> Exercise:
Only the stretch below from the line holding "66403 Renewable Energy landing bnr 1970x720" through the line holding "Black pig in green grass photo" should be restated, word for word and with both ends included; pictures stay out.
── Data
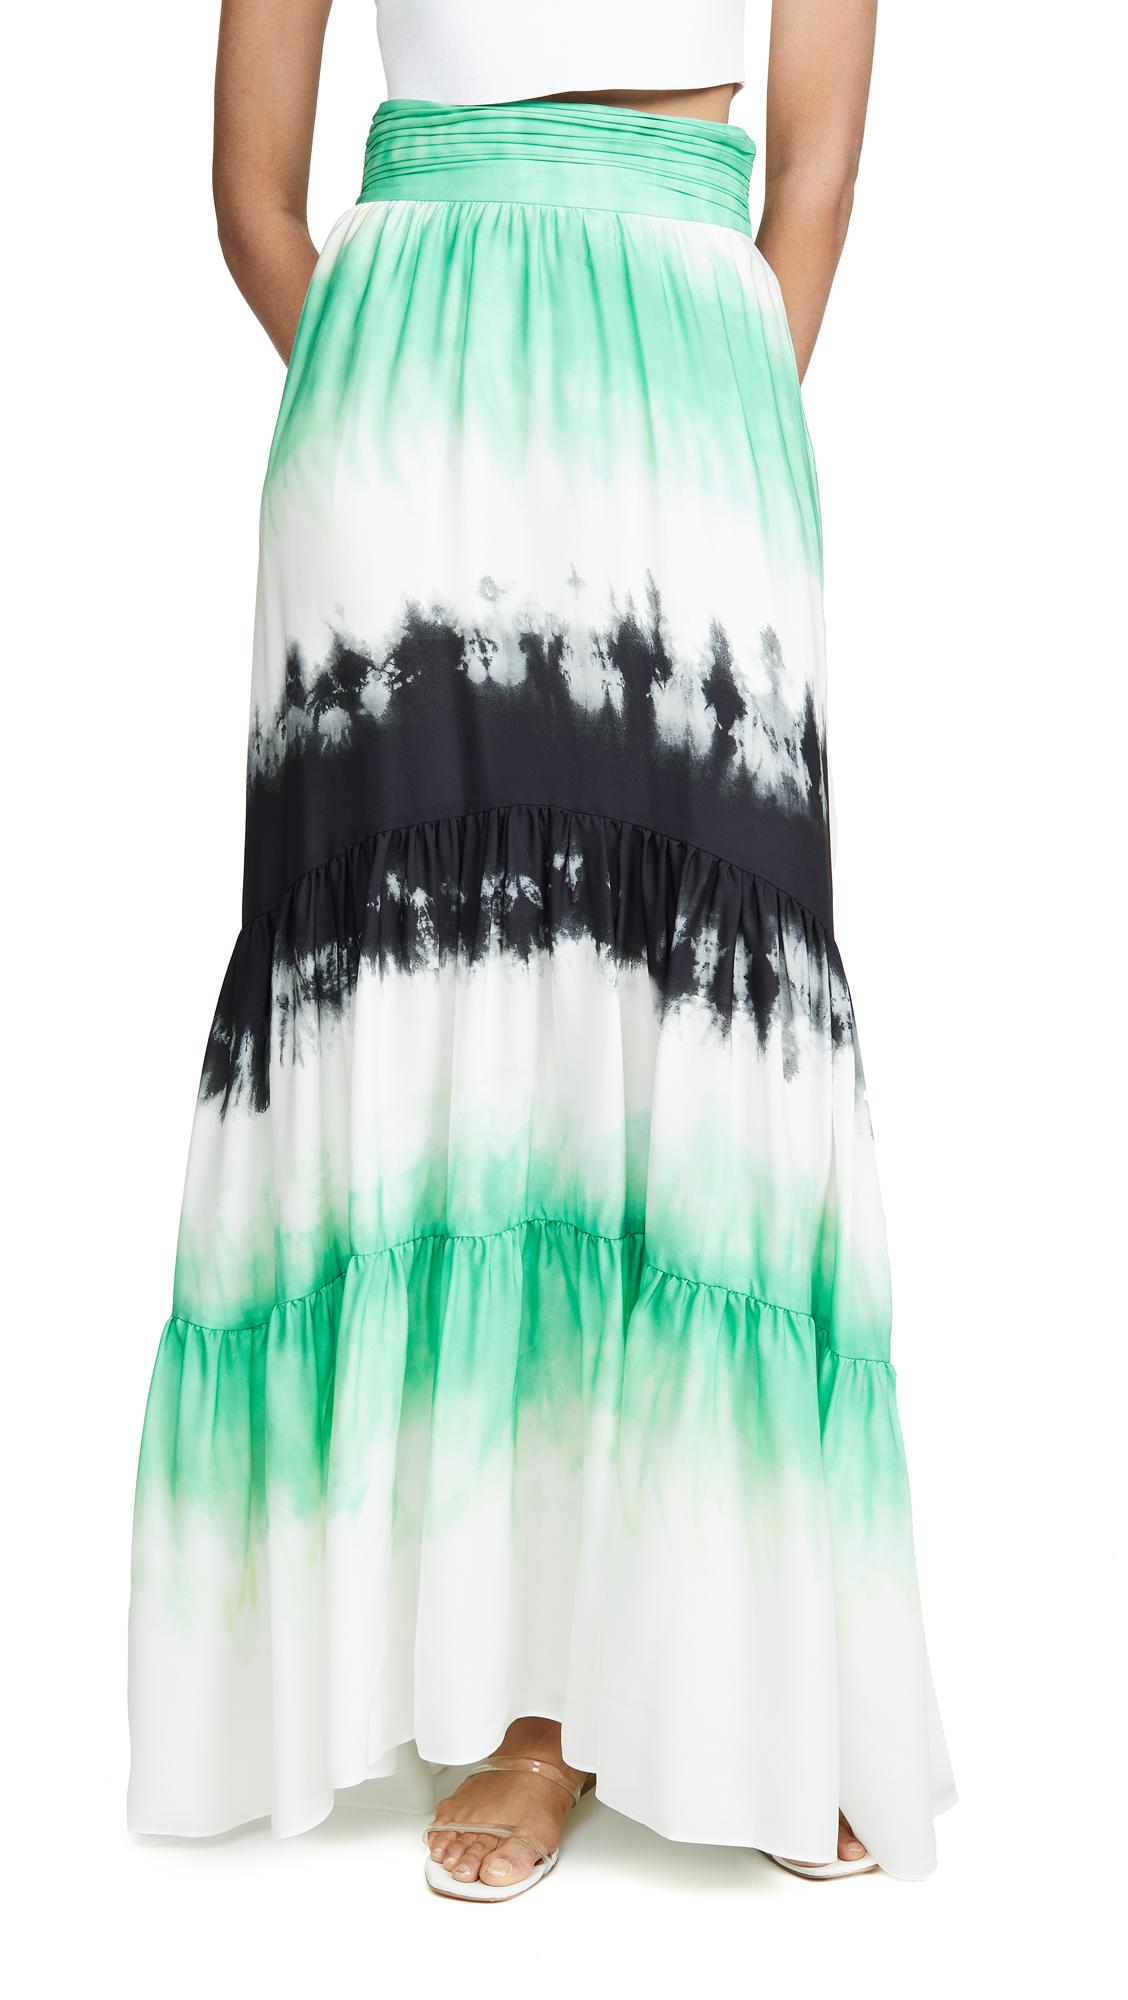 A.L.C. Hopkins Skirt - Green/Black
────
── Data
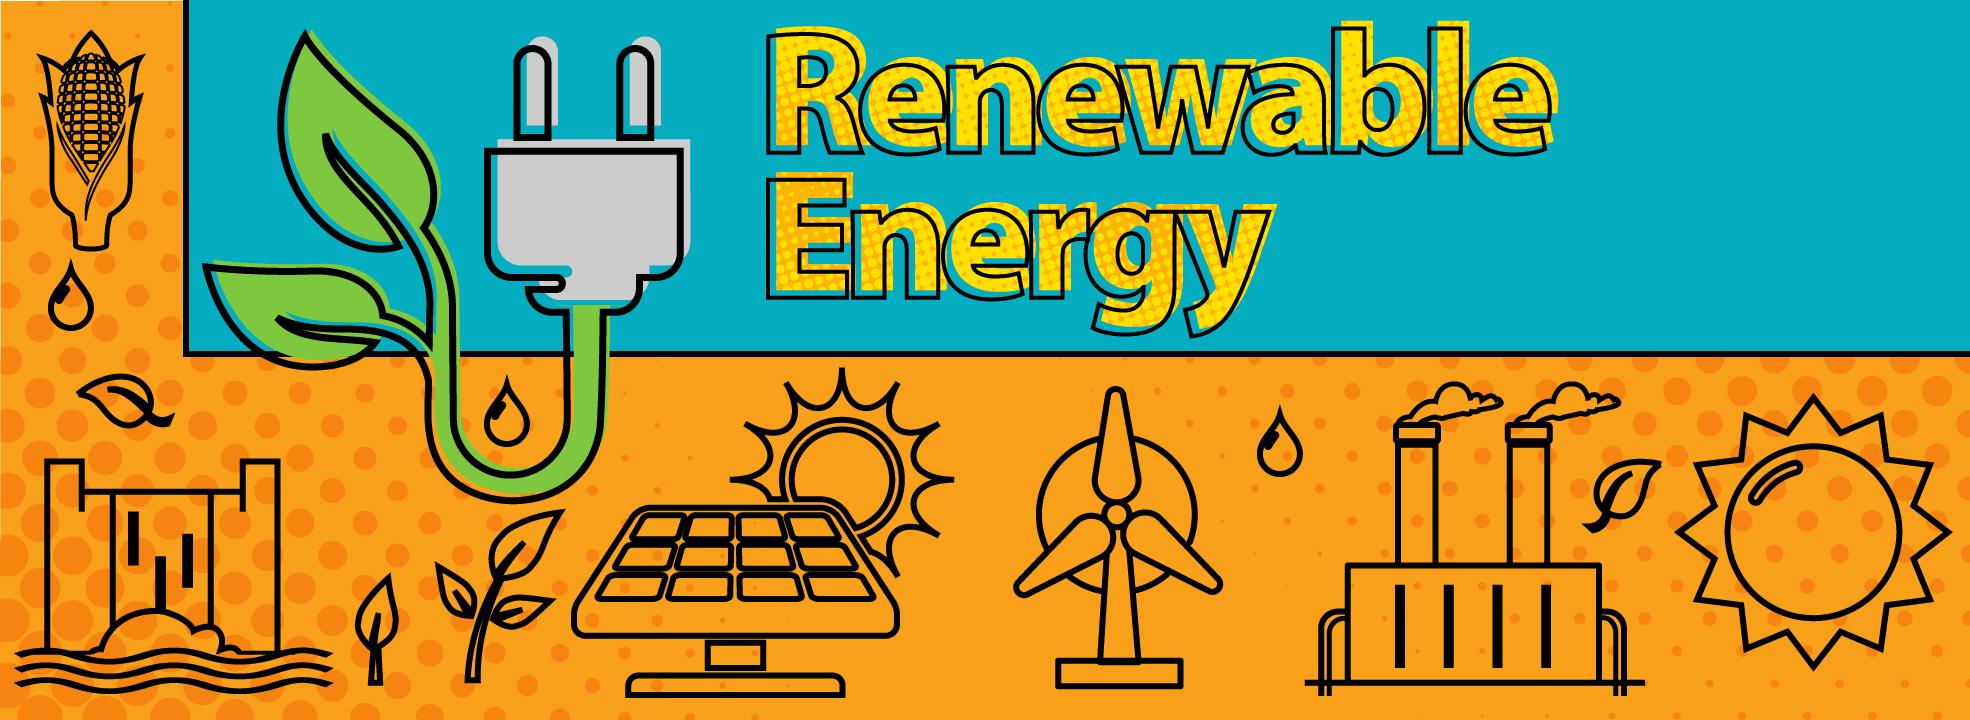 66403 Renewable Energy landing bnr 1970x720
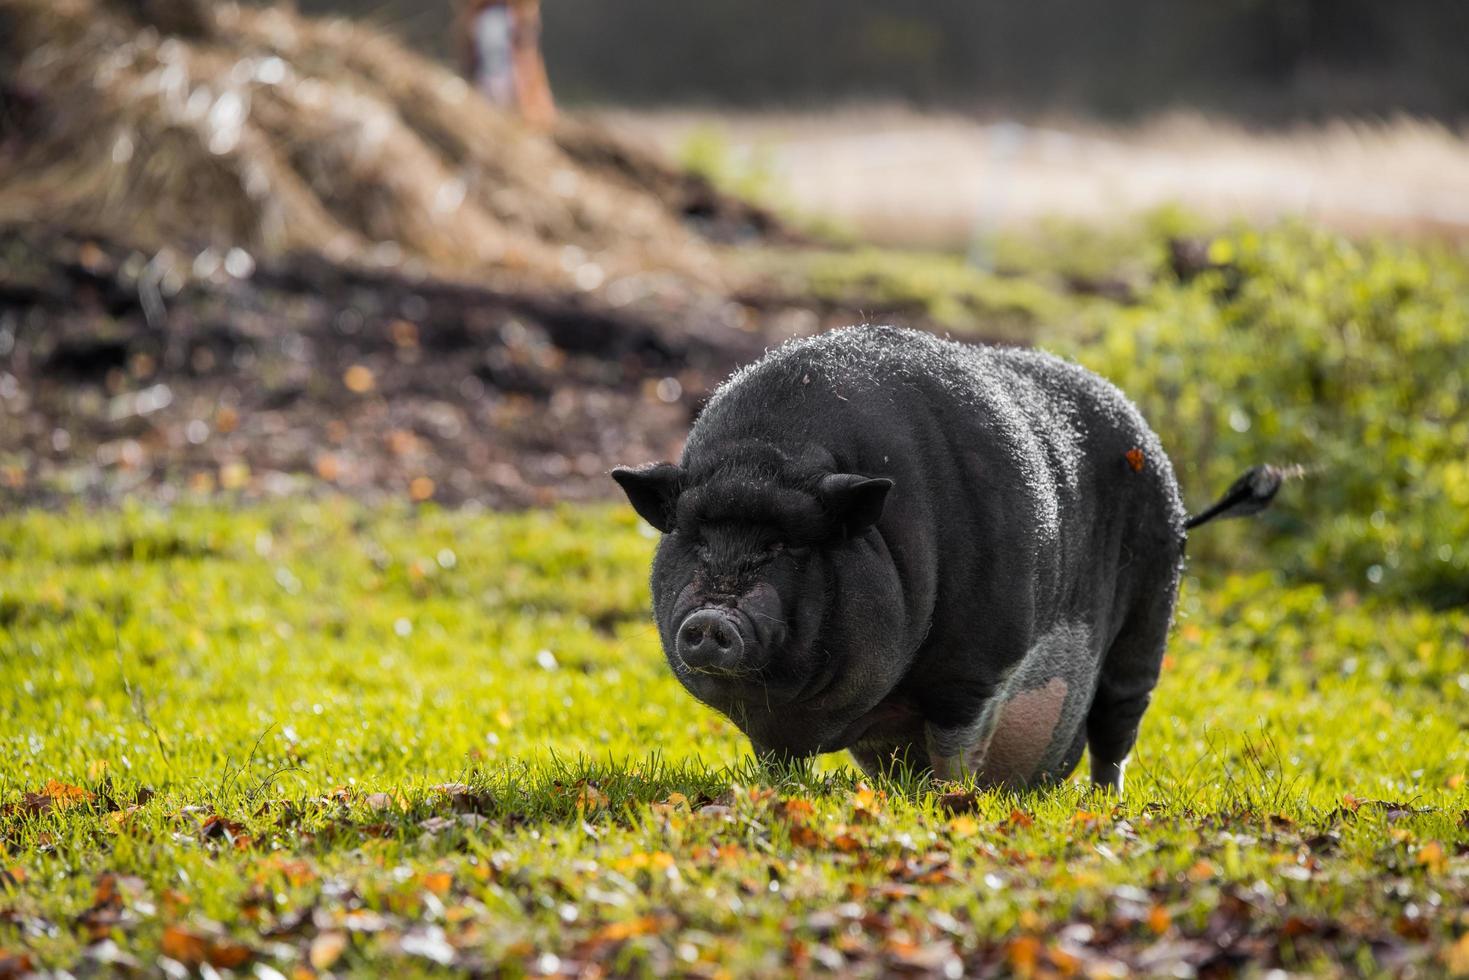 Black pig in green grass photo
────
── Data
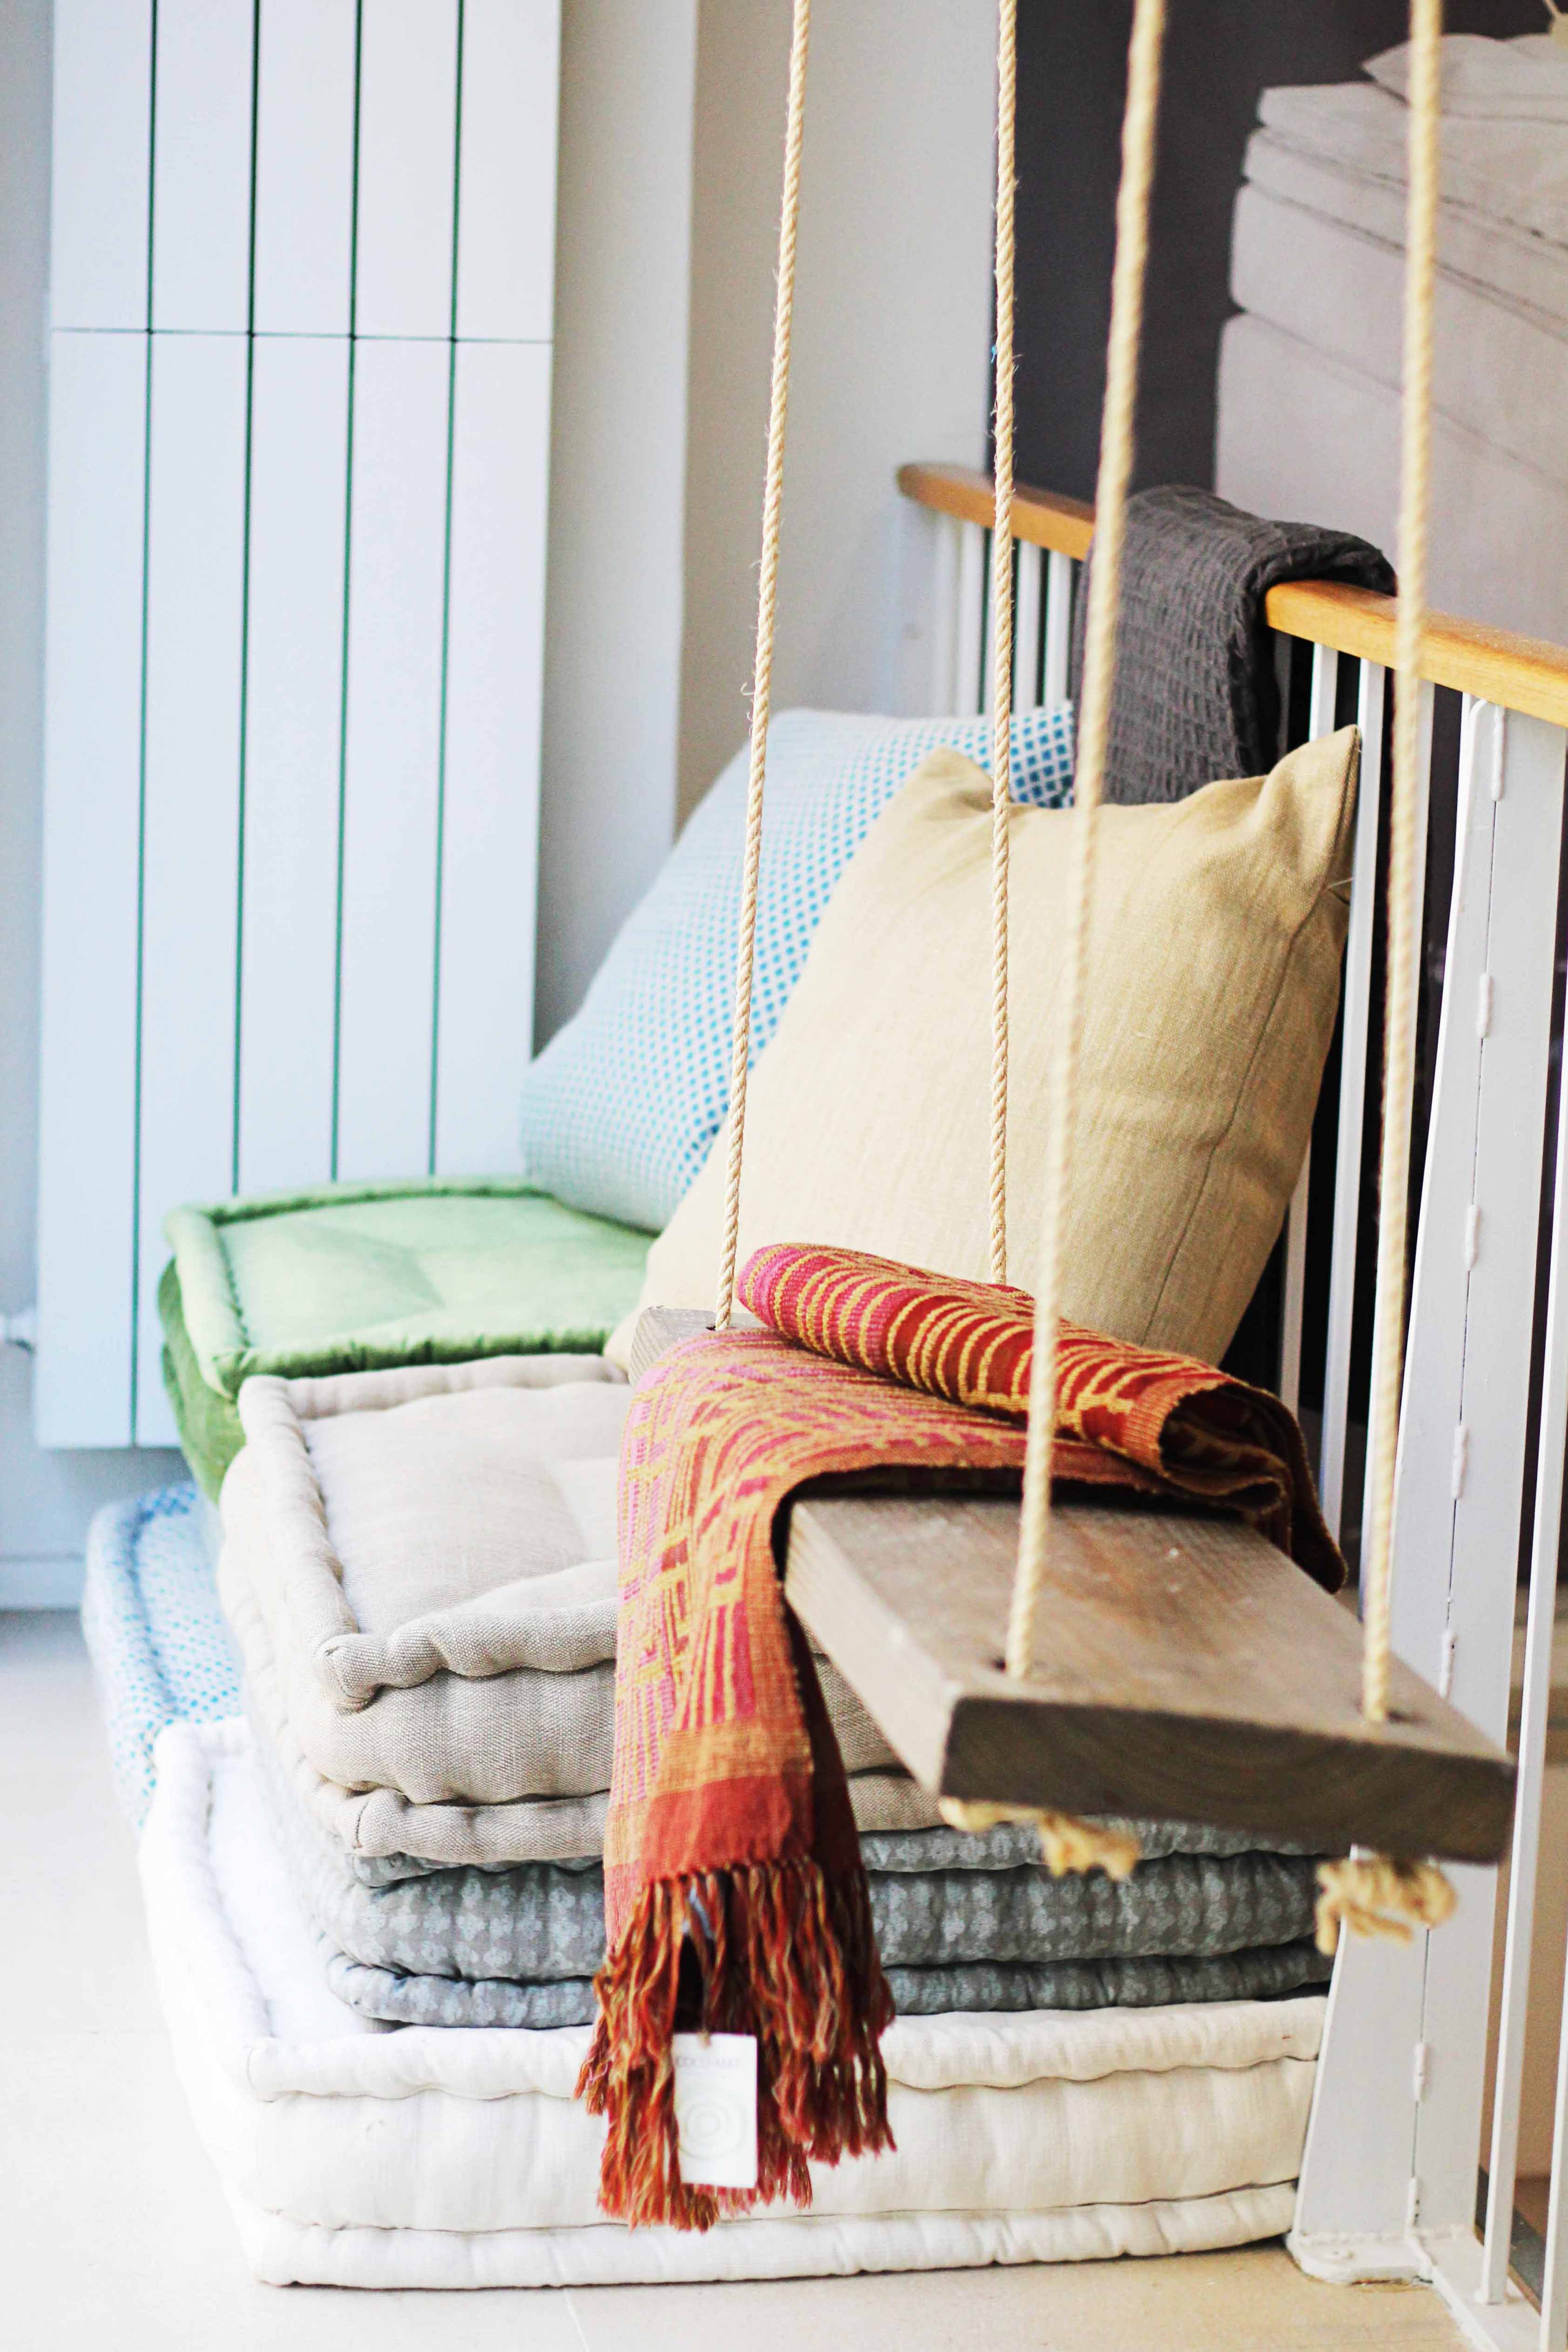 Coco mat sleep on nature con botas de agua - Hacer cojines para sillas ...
────
> Answer box:
 66403 Renewable Energy landing bnr 1970x720
 Black pig in green grass photo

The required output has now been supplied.